AIM OF THE EXERCISE: The pictures in the data below are to be omitted; all else must be duplicated exactly.

DATA SECTION:

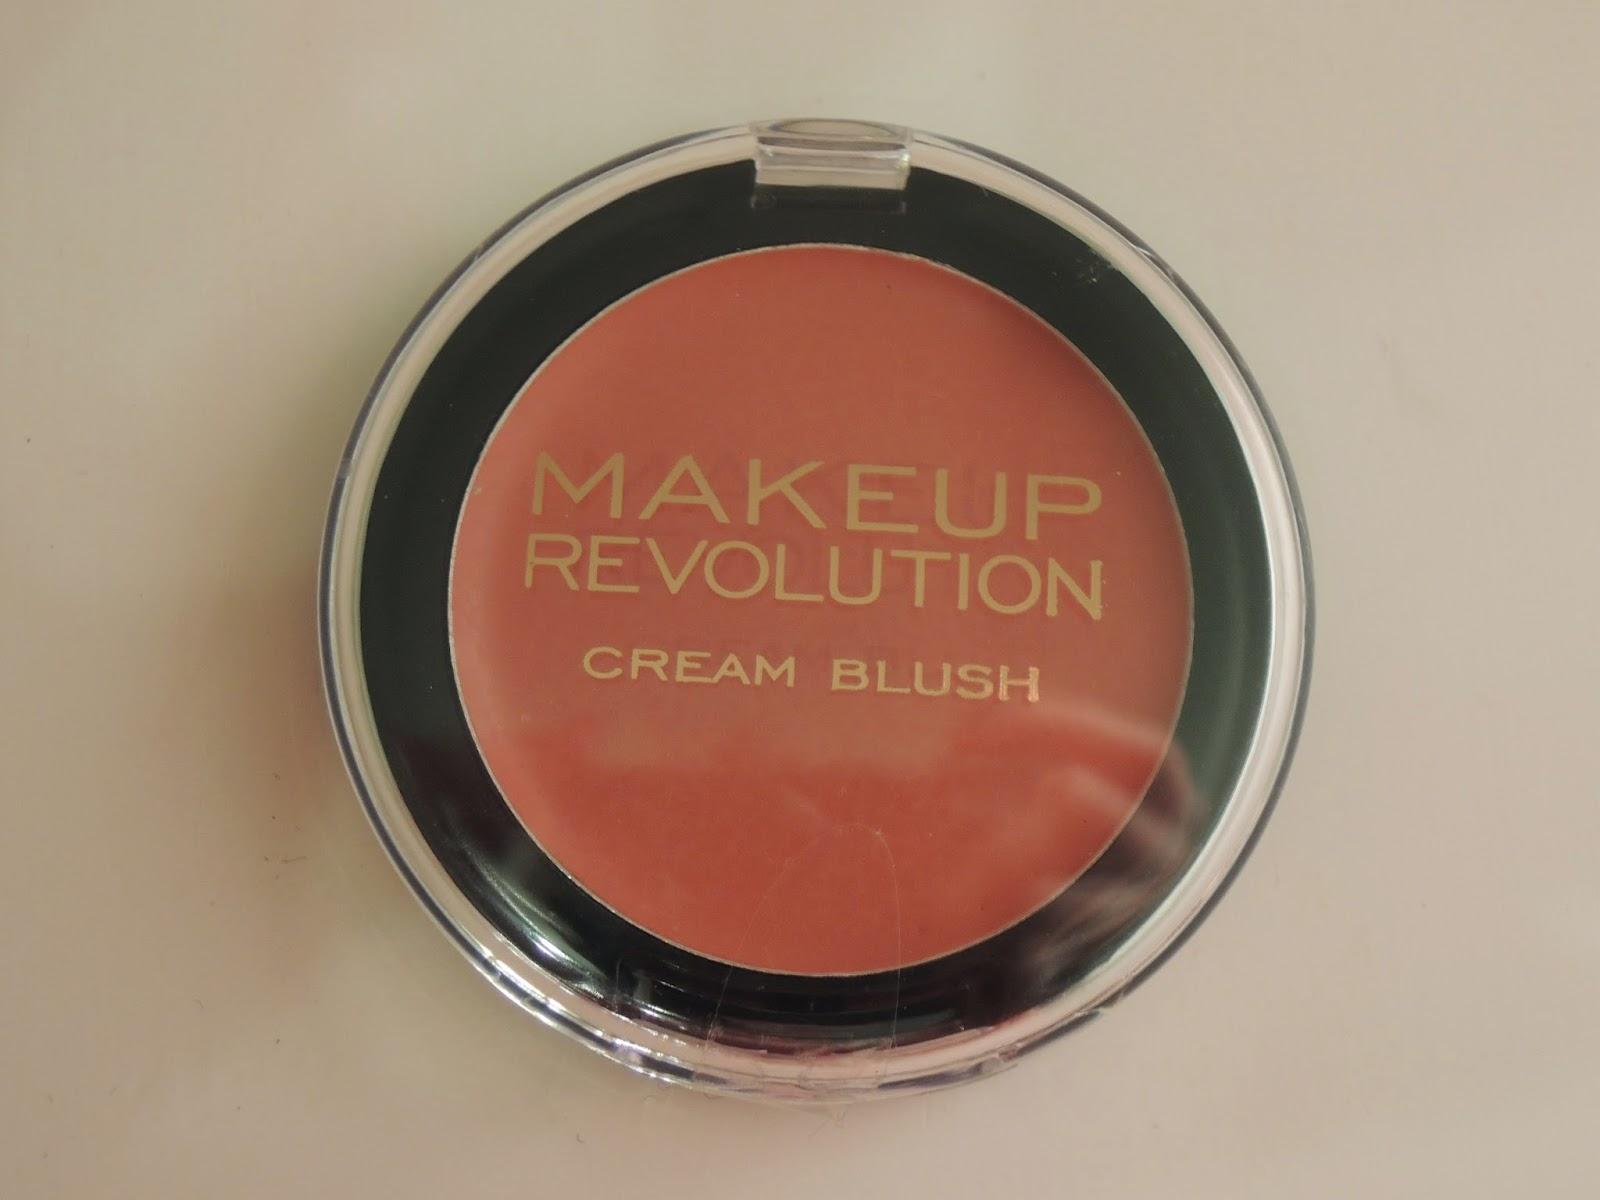 Małe, a cieszy- róż Rose Cream od Makeup Revolution
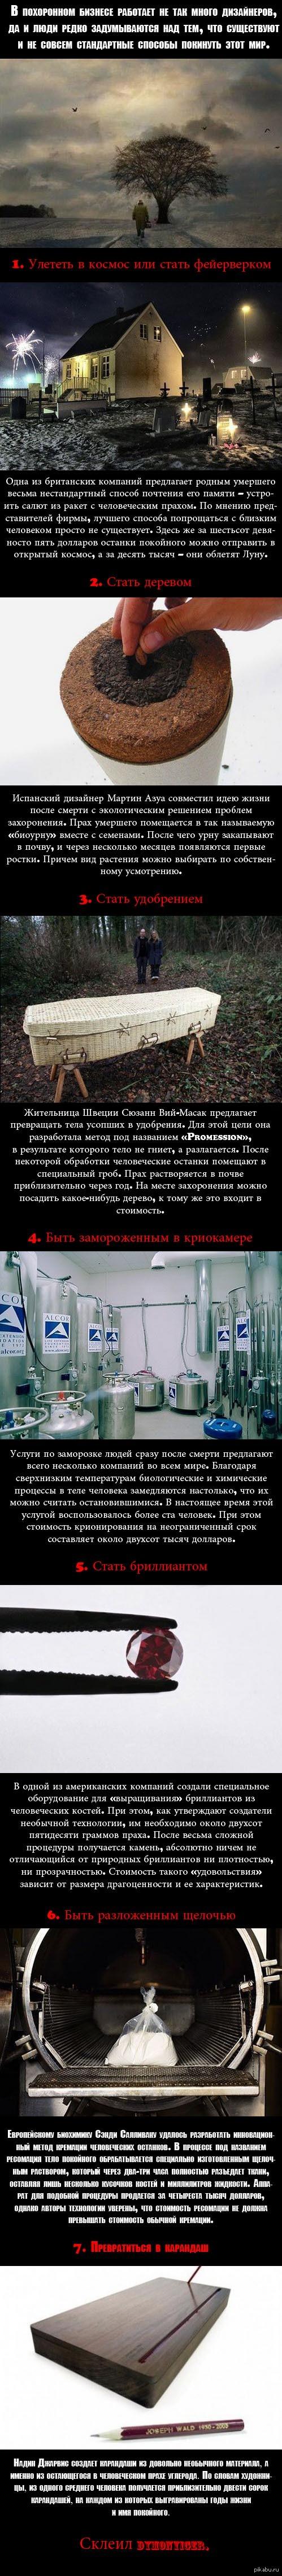 http://s.pikabu.ru/post_img/2013/03/04/7/1362389828_2114697569.jpg
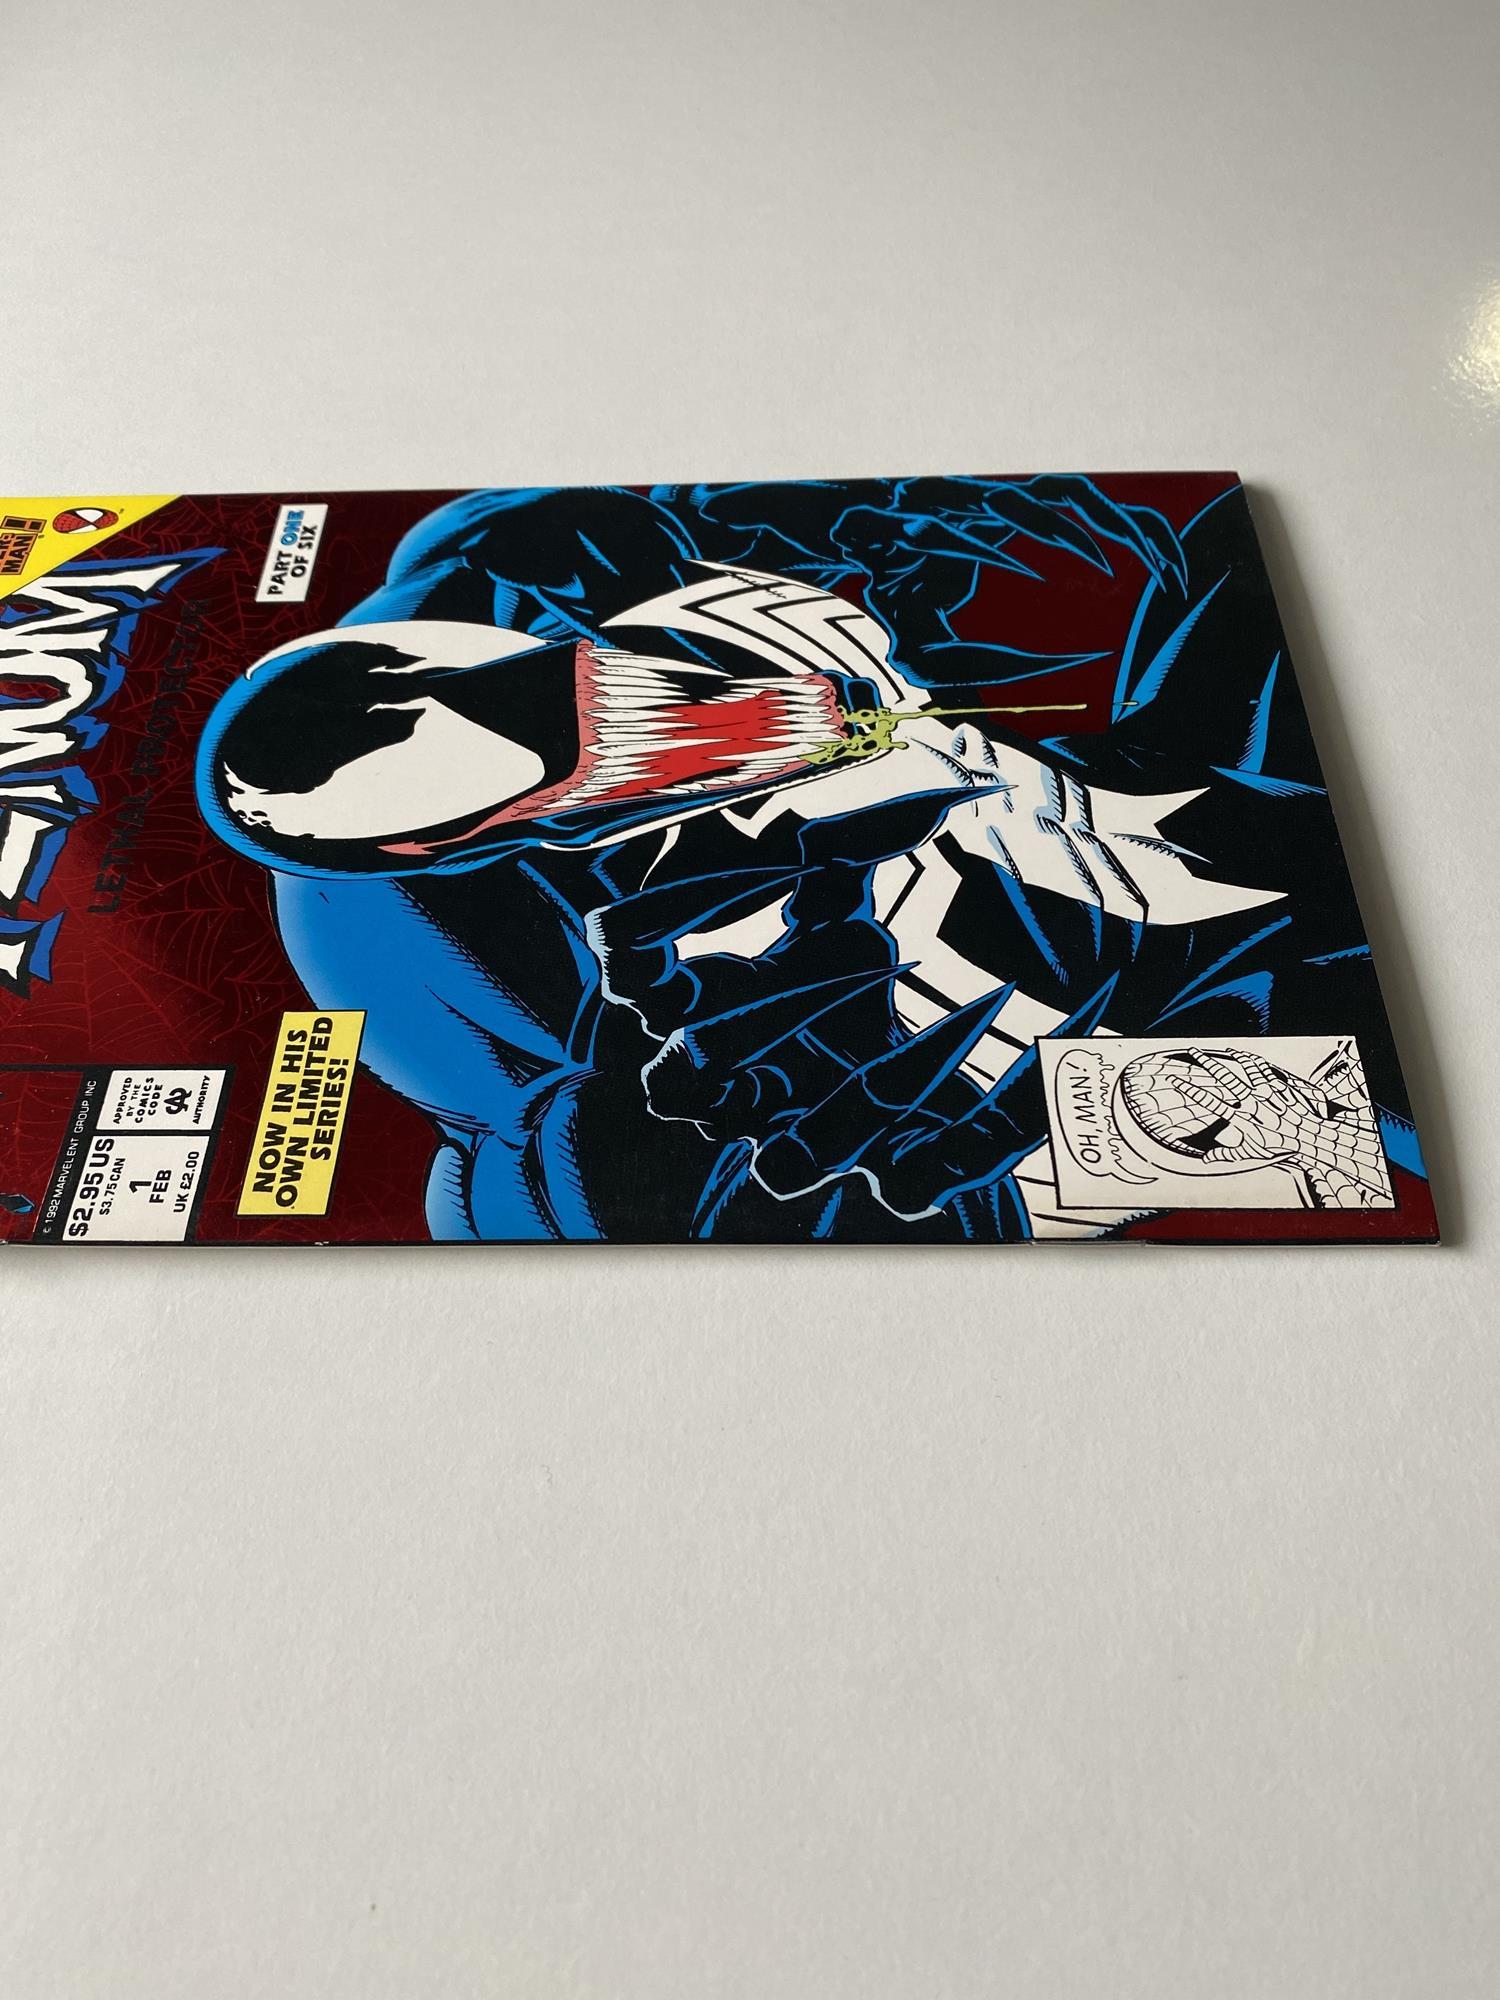 Lot 29 - VENOM: LETHAL PROTECTOR # 1 (1993 - MARVEL - Cents/Pence Copy) - First Venom solo title + Spider-Man

WRITTEN REPLY:
 Małe, a cieszy- róż Rose Cream od Makeup Revolution
 http://s.pikabu.ru/post_img/2013/03/04/7/1362389828_2114697569.jpg
 Lot 29 - VENOM: LETHAL PROTECTOR # 1 (1993 - MARVEL - Cents/Pence Copy) - First Venom solo title + Spider-Man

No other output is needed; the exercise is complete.